ASSIGNMENT = The result should be an exact copy of the data, free of pictures.

THE DATA =
>>>>>

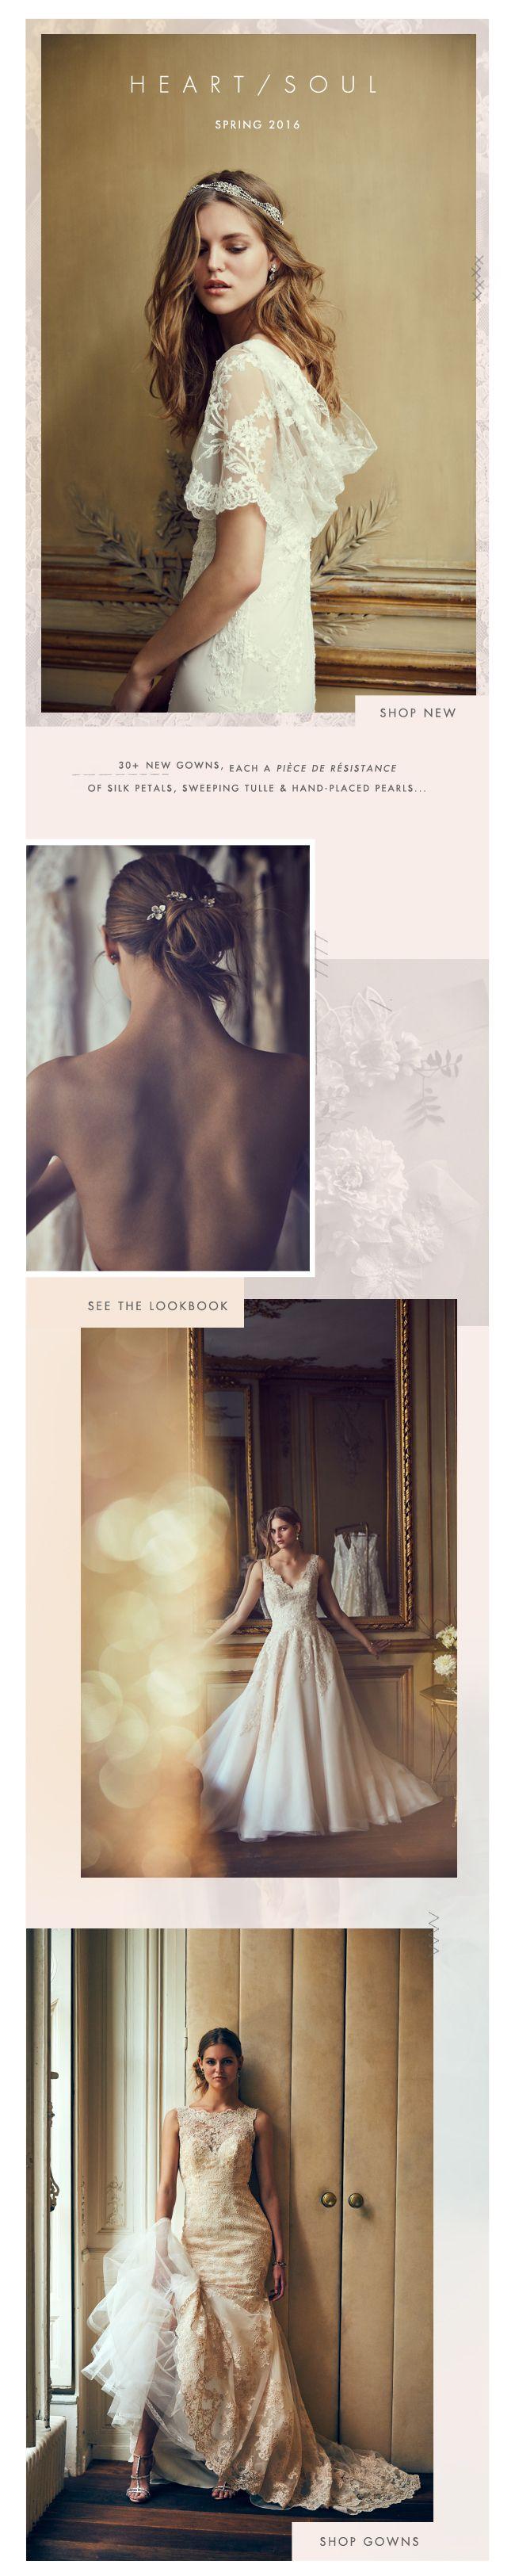 BHLDN | Anthropologie Weddings | Atelier | Gowns | Email Design
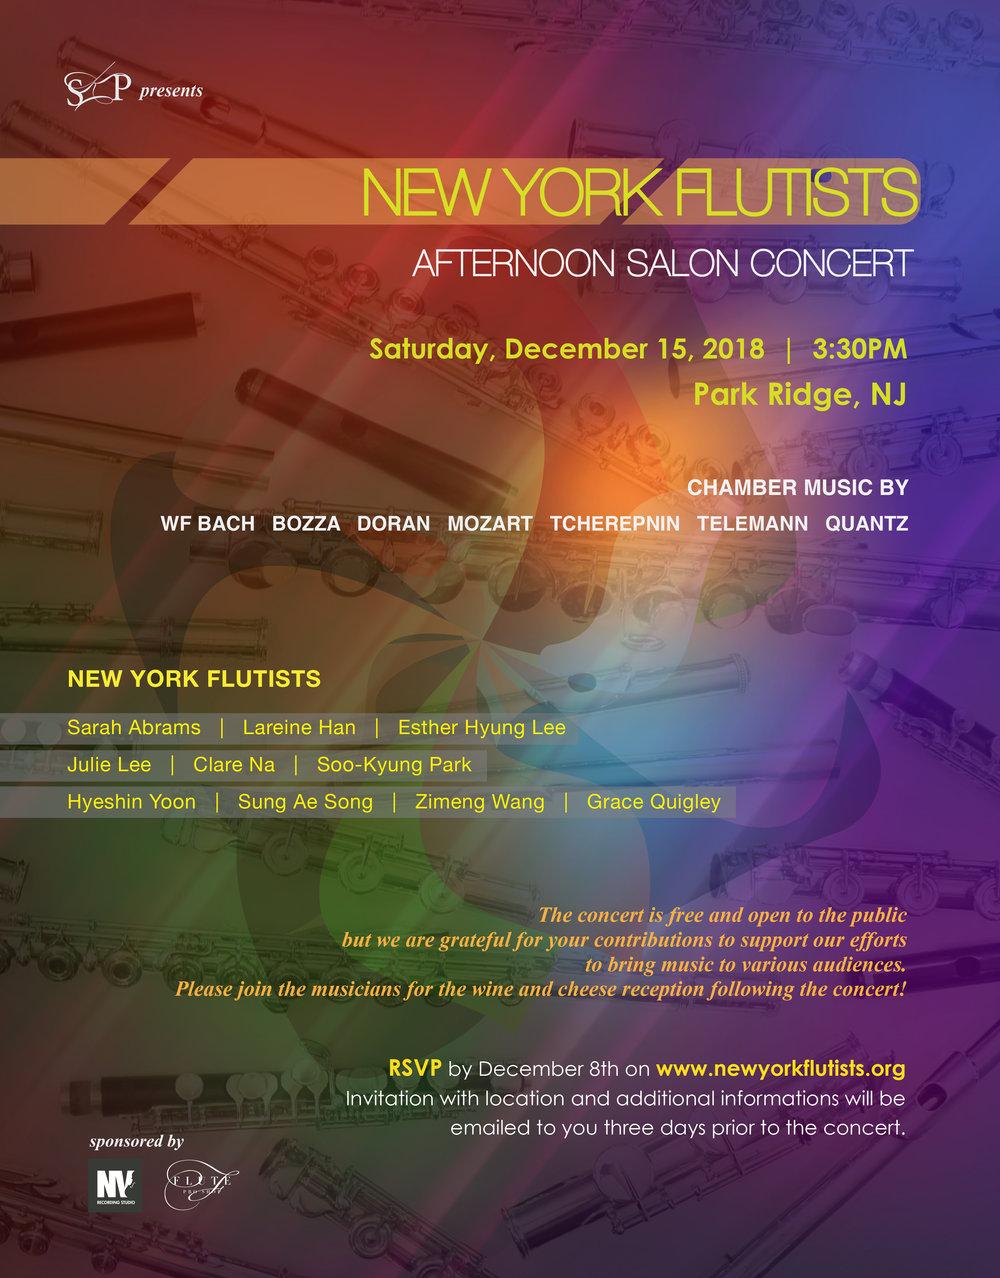 New York Flutists Afternoon Salon Concert
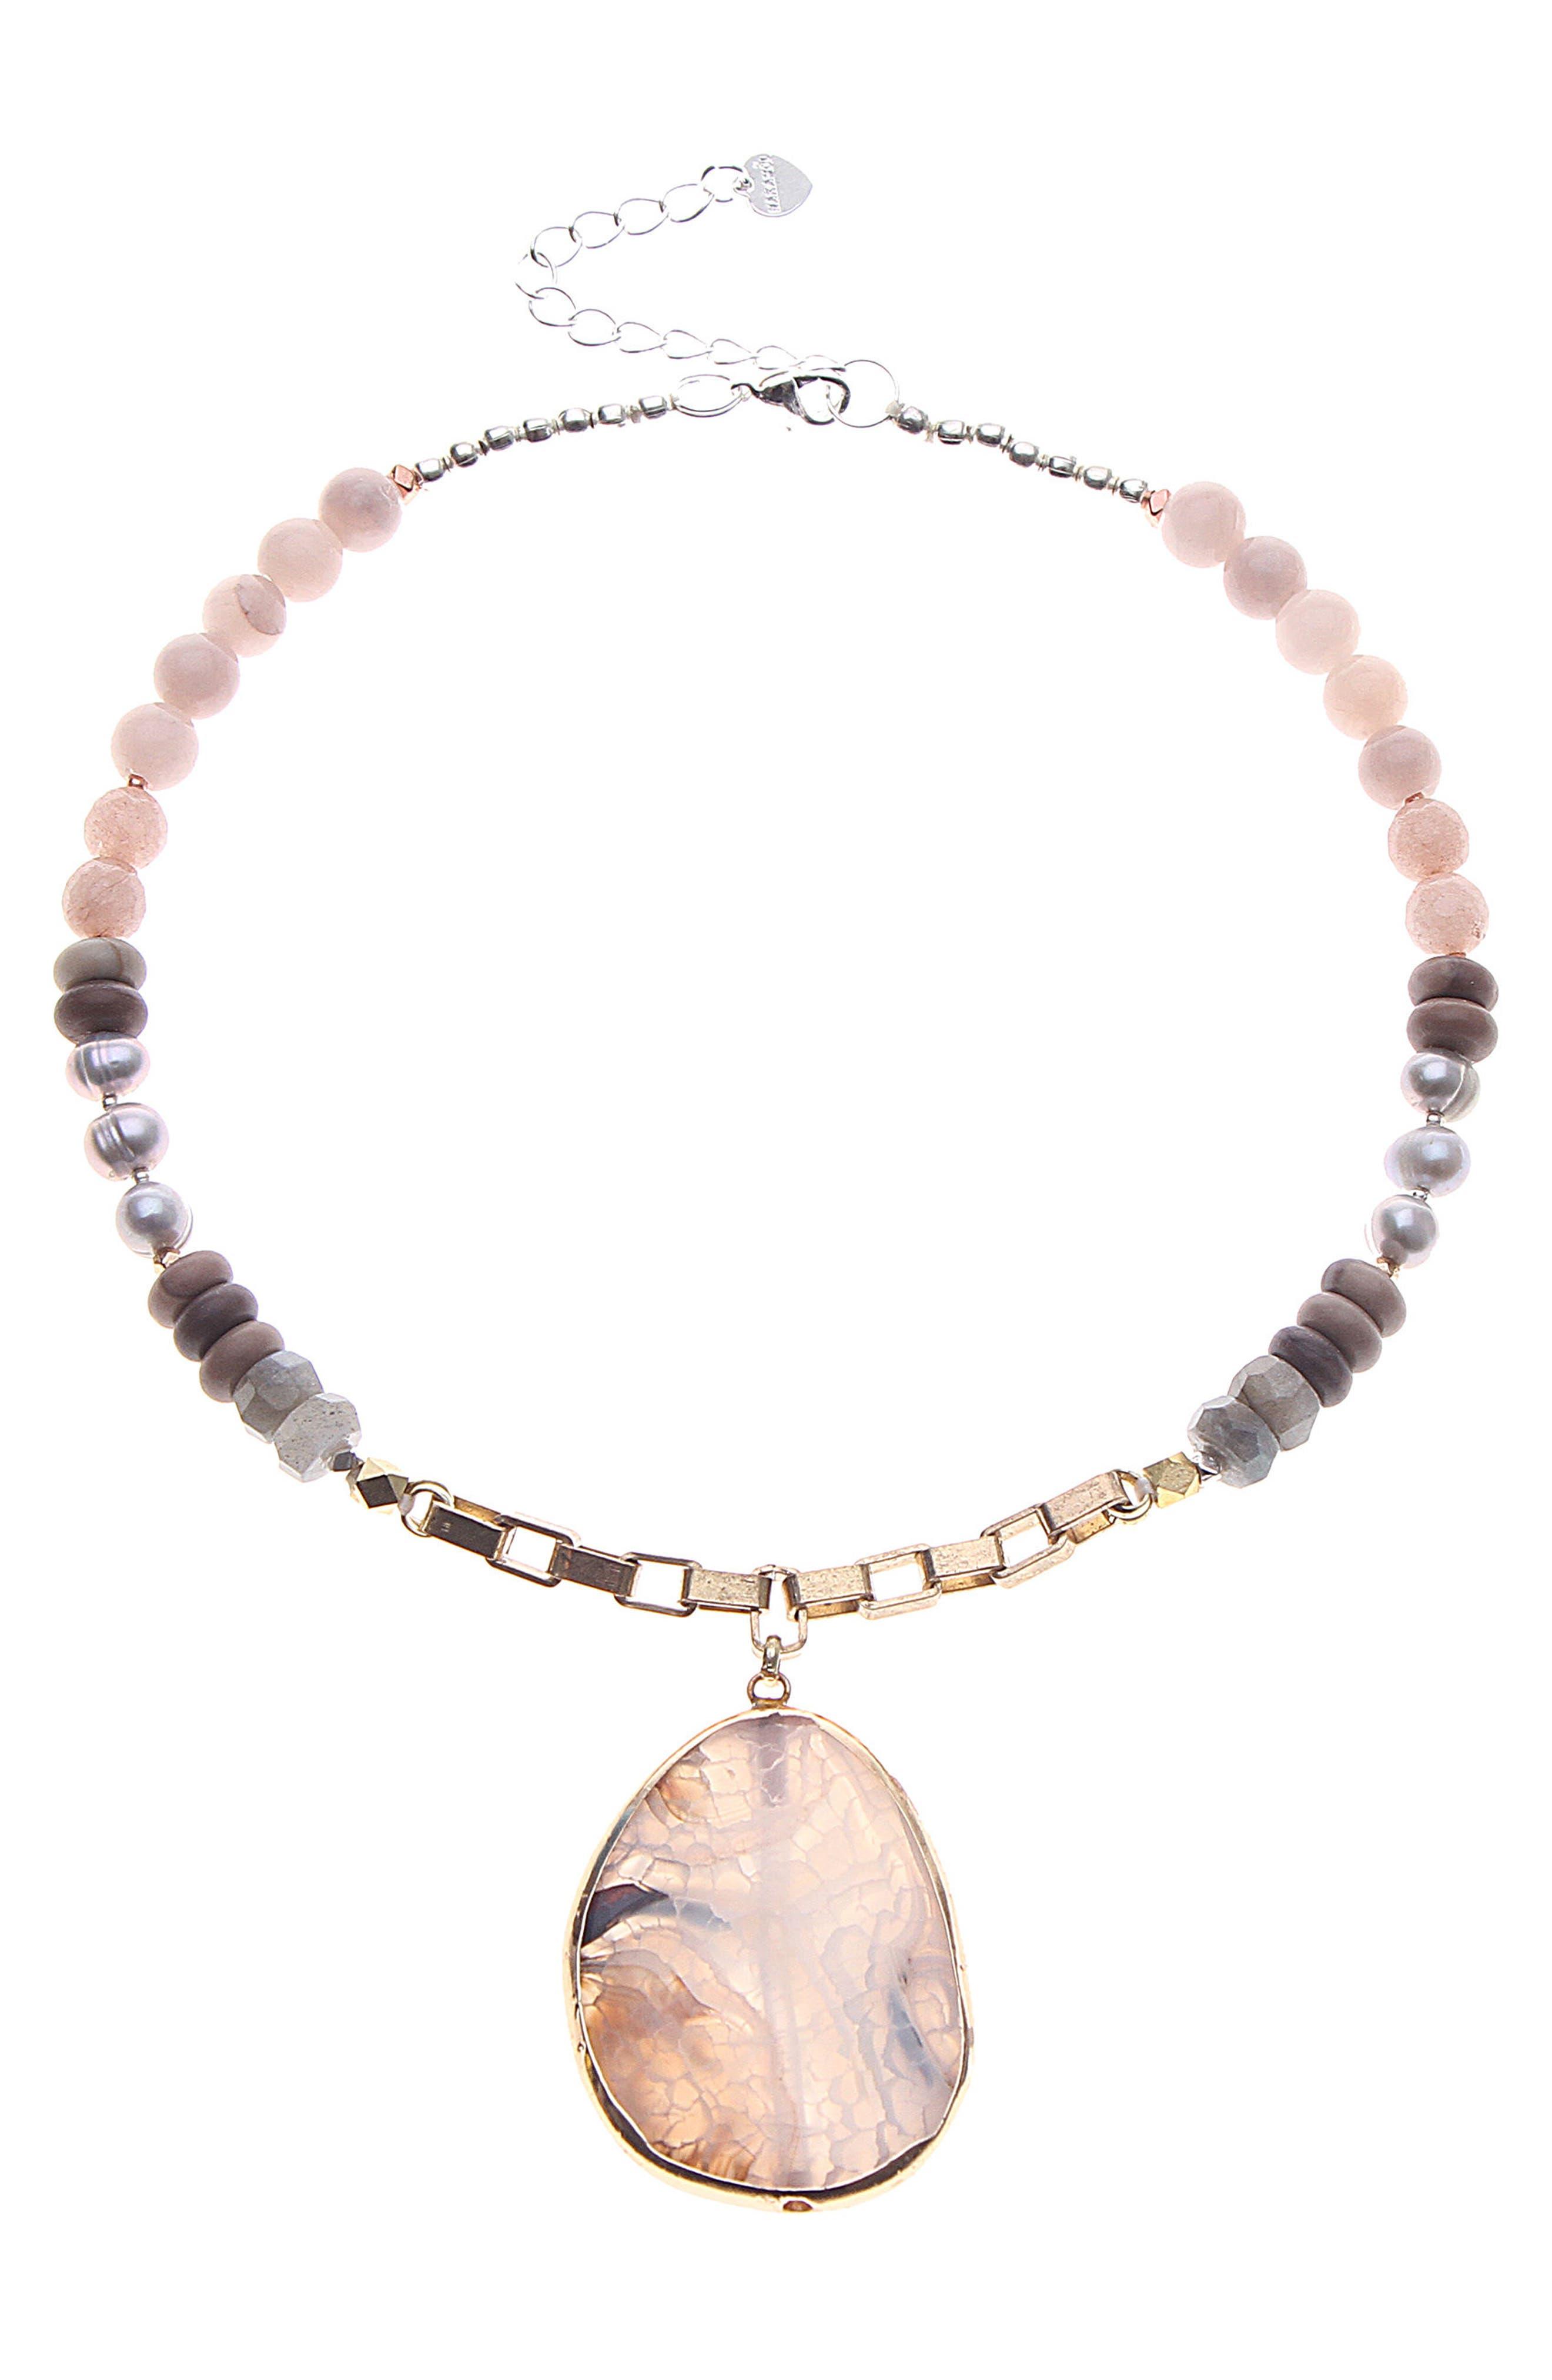 Semiprecious Stone & Pearl Pendant Necklace,                             Main thumbnail 1, color,                             Nude
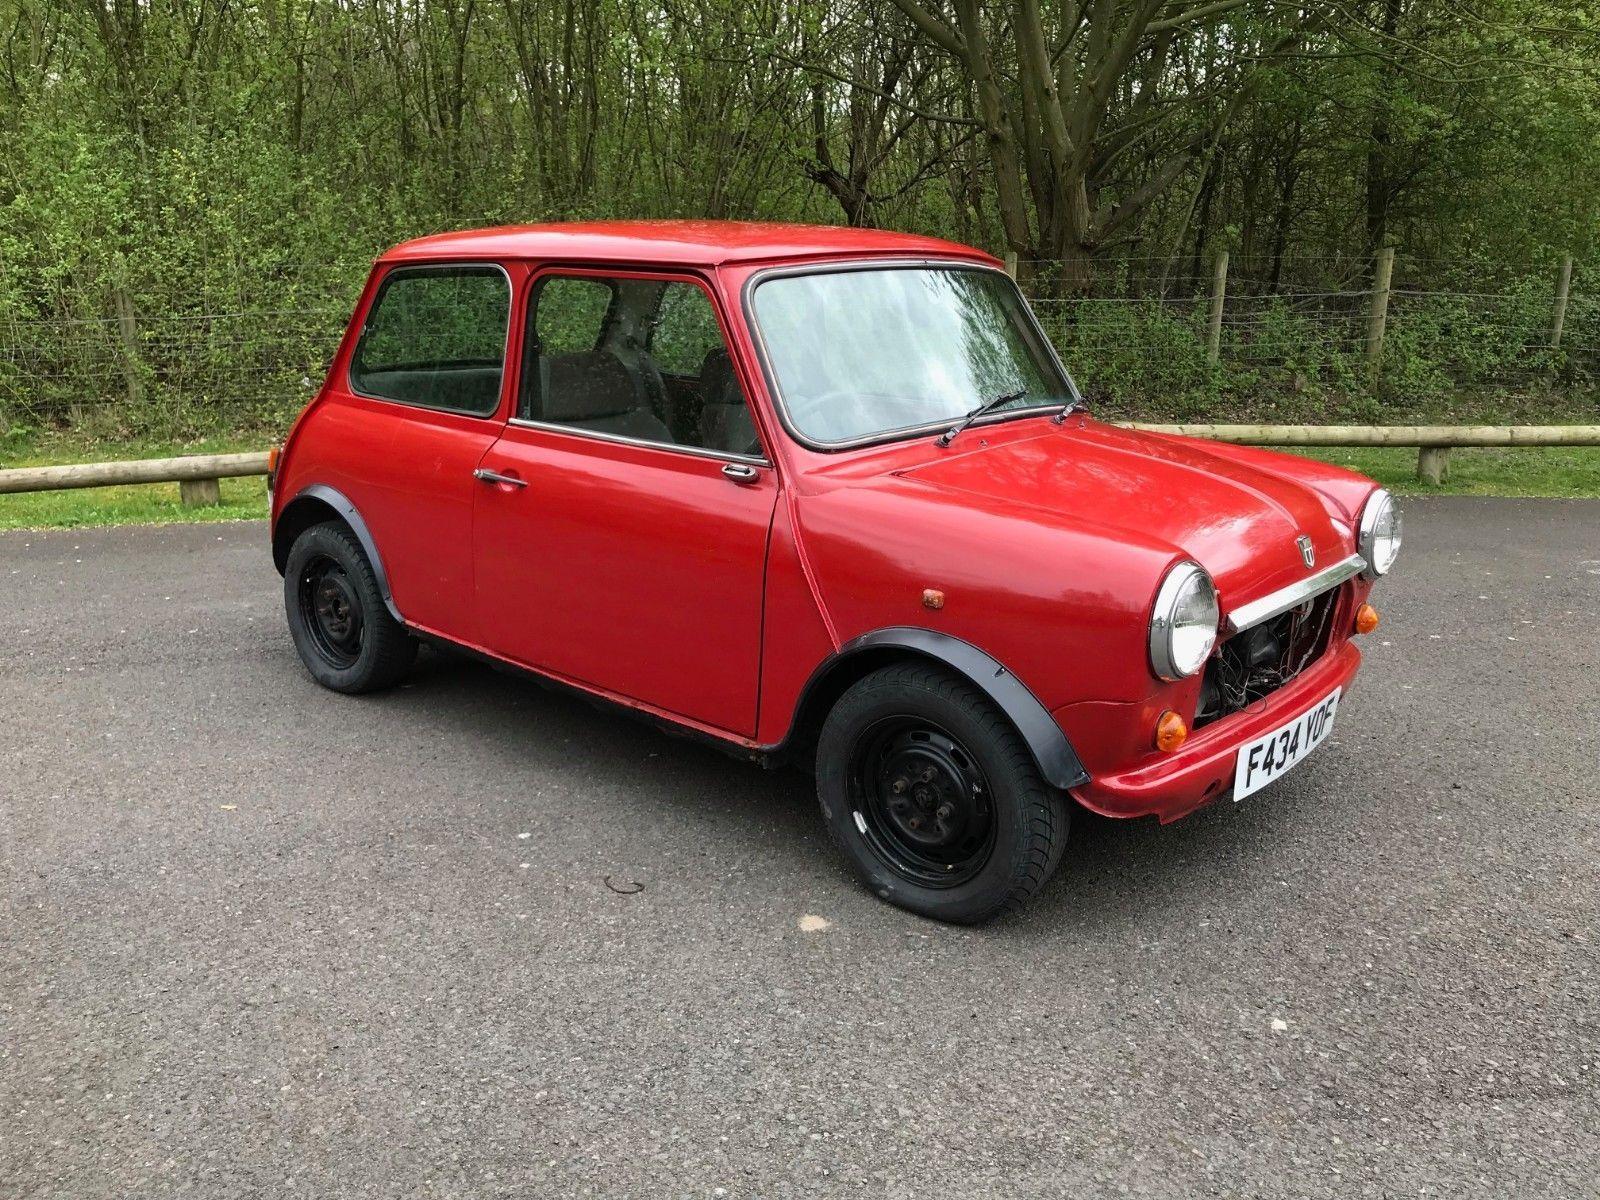 eBay: 1988 Austin Mini Mayfair Red Small Project Runs Drives

<<<<<

REPLY TO THE EXERCISE =
 BHLDN | Anthropologie Weddings | Atelier | Gowns | Email Design
 New York Flutists Afternoon Salon Concert
 Semiprecious Stone & Pearl Pendant Necklace,                             Main thumbnail 1, color,                             Nude
 eBay: 1988 Austin Mini Mayfair Red Small Project Runs Drives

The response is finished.